• How to complete this task: If pictures are present, leave them out, and copy the data word for word.

• Dataset section:
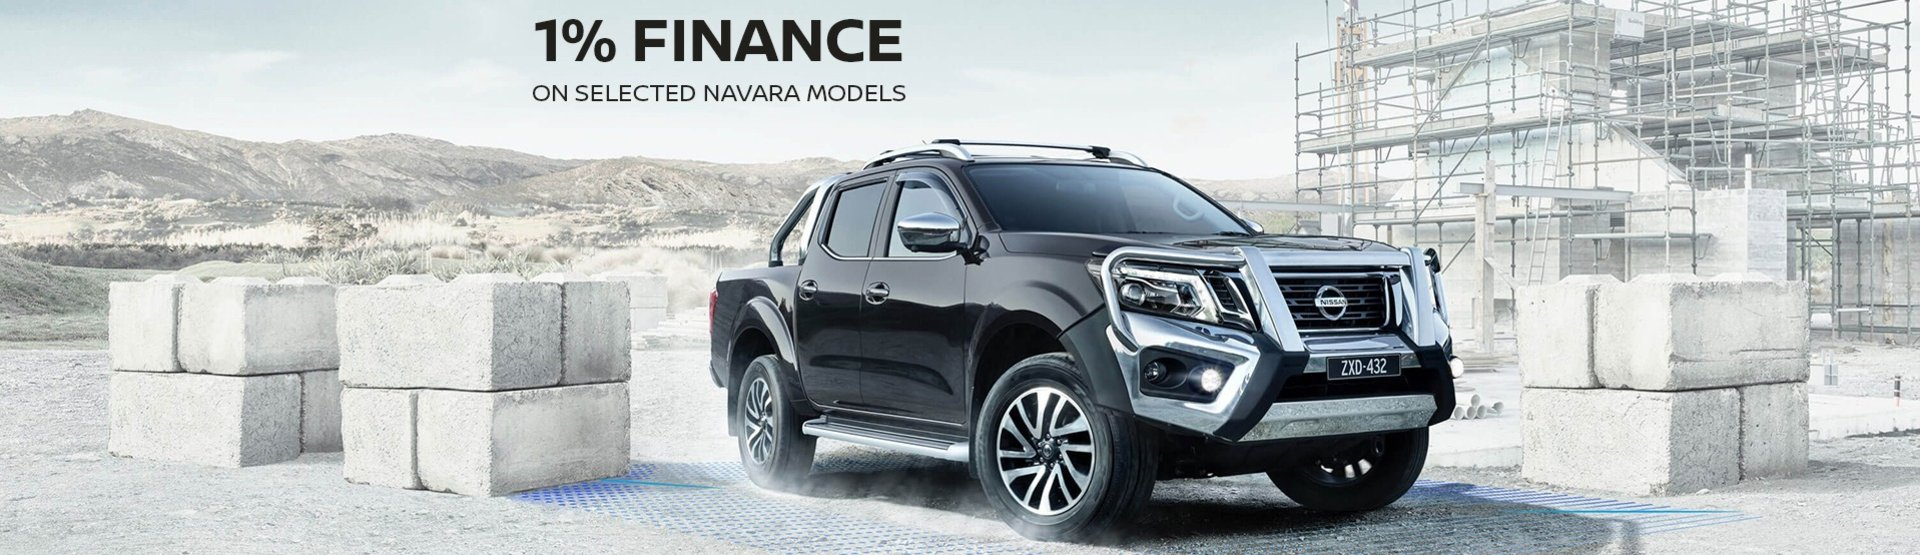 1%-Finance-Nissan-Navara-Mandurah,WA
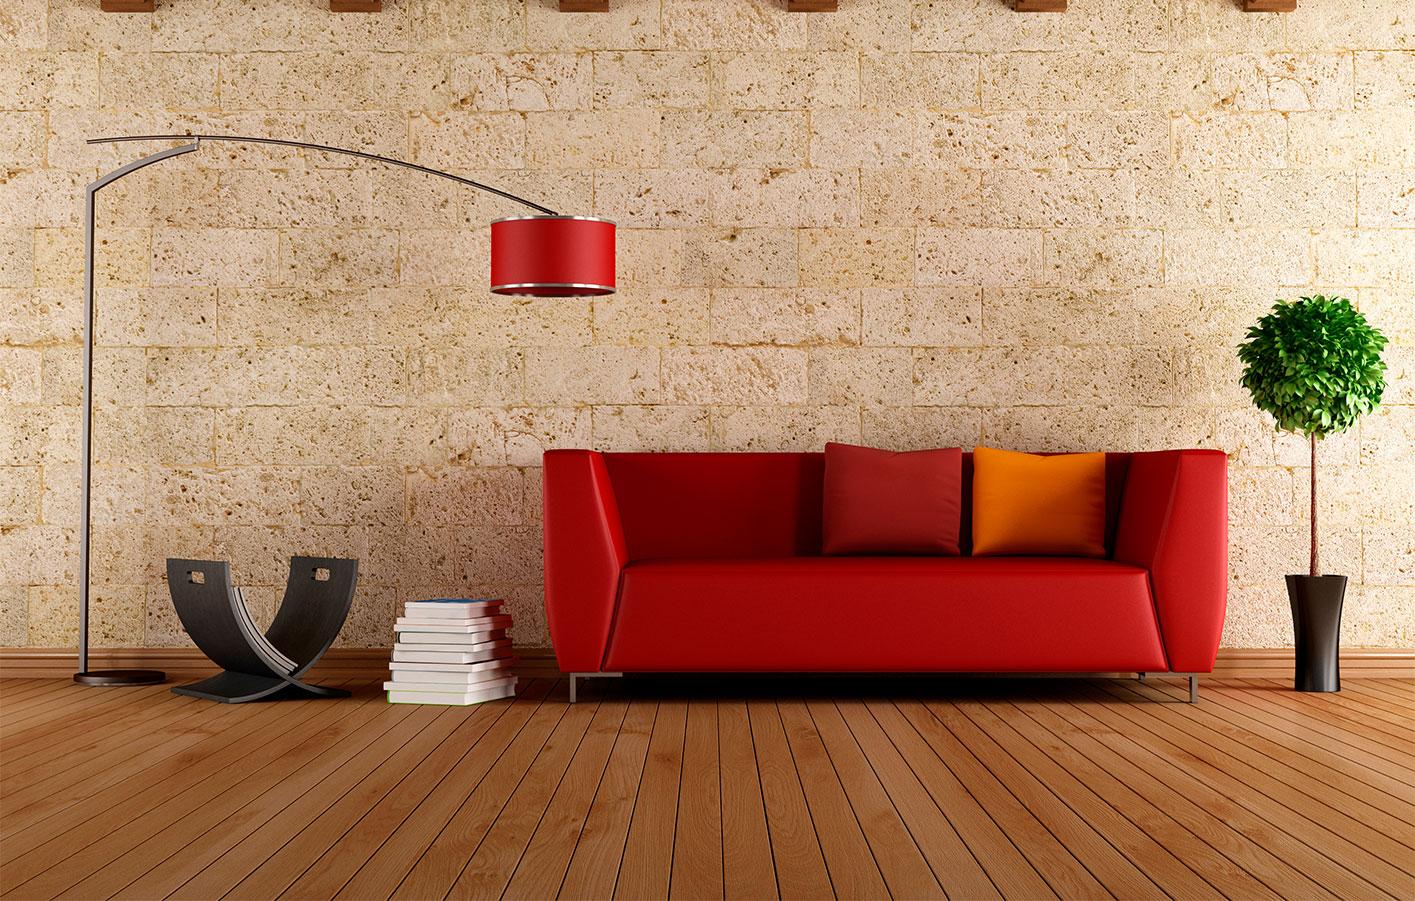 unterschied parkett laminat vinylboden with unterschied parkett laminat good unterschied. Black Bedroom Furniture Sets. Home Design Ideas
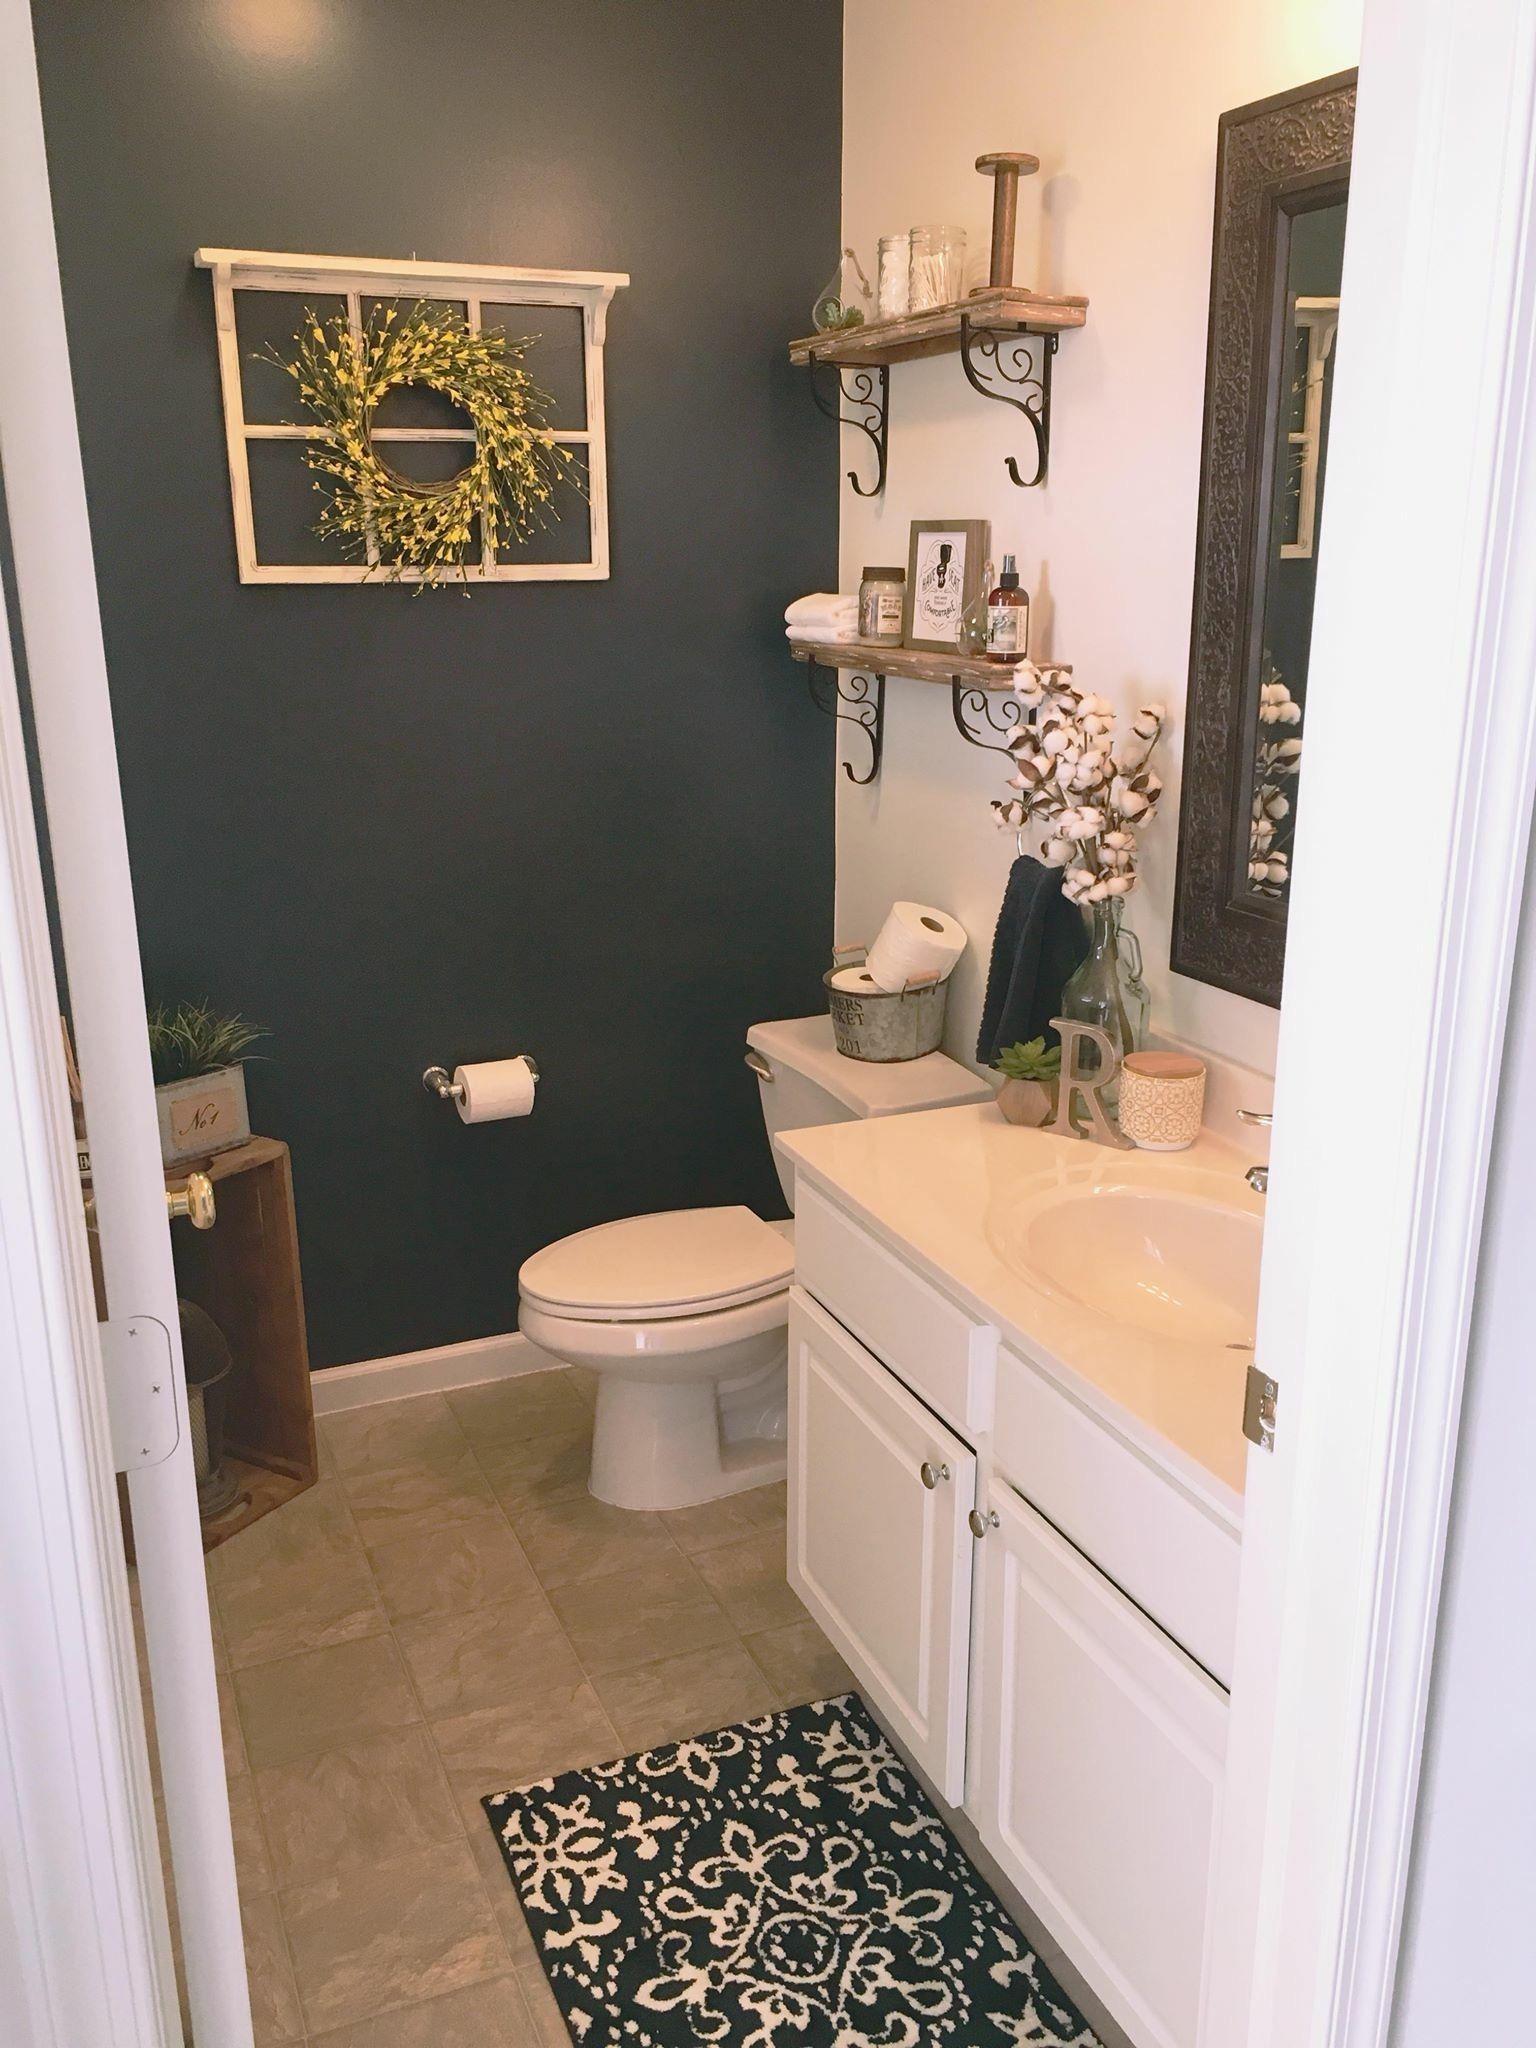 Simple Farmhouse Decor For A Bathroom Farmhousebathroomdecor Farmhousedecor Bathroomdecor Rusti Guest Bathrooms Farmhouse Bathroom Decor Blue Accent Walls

• Problem solution:
 1%-Finance-Nissan-Navara-Mandurah,WA
 unterschied parkett laminat vinylboden with unterschied parkett laminat good unterschied. Black Bedroom Furniture Sets. Home Design Ideas
 Simple Farmhouse Decor For A Bathroom Farmhousebathroomdecor Farmhousedecor Bathroomdecor Rusti Guest Bathrooms Farmhouse Bathroom Decor Blue Accent Walls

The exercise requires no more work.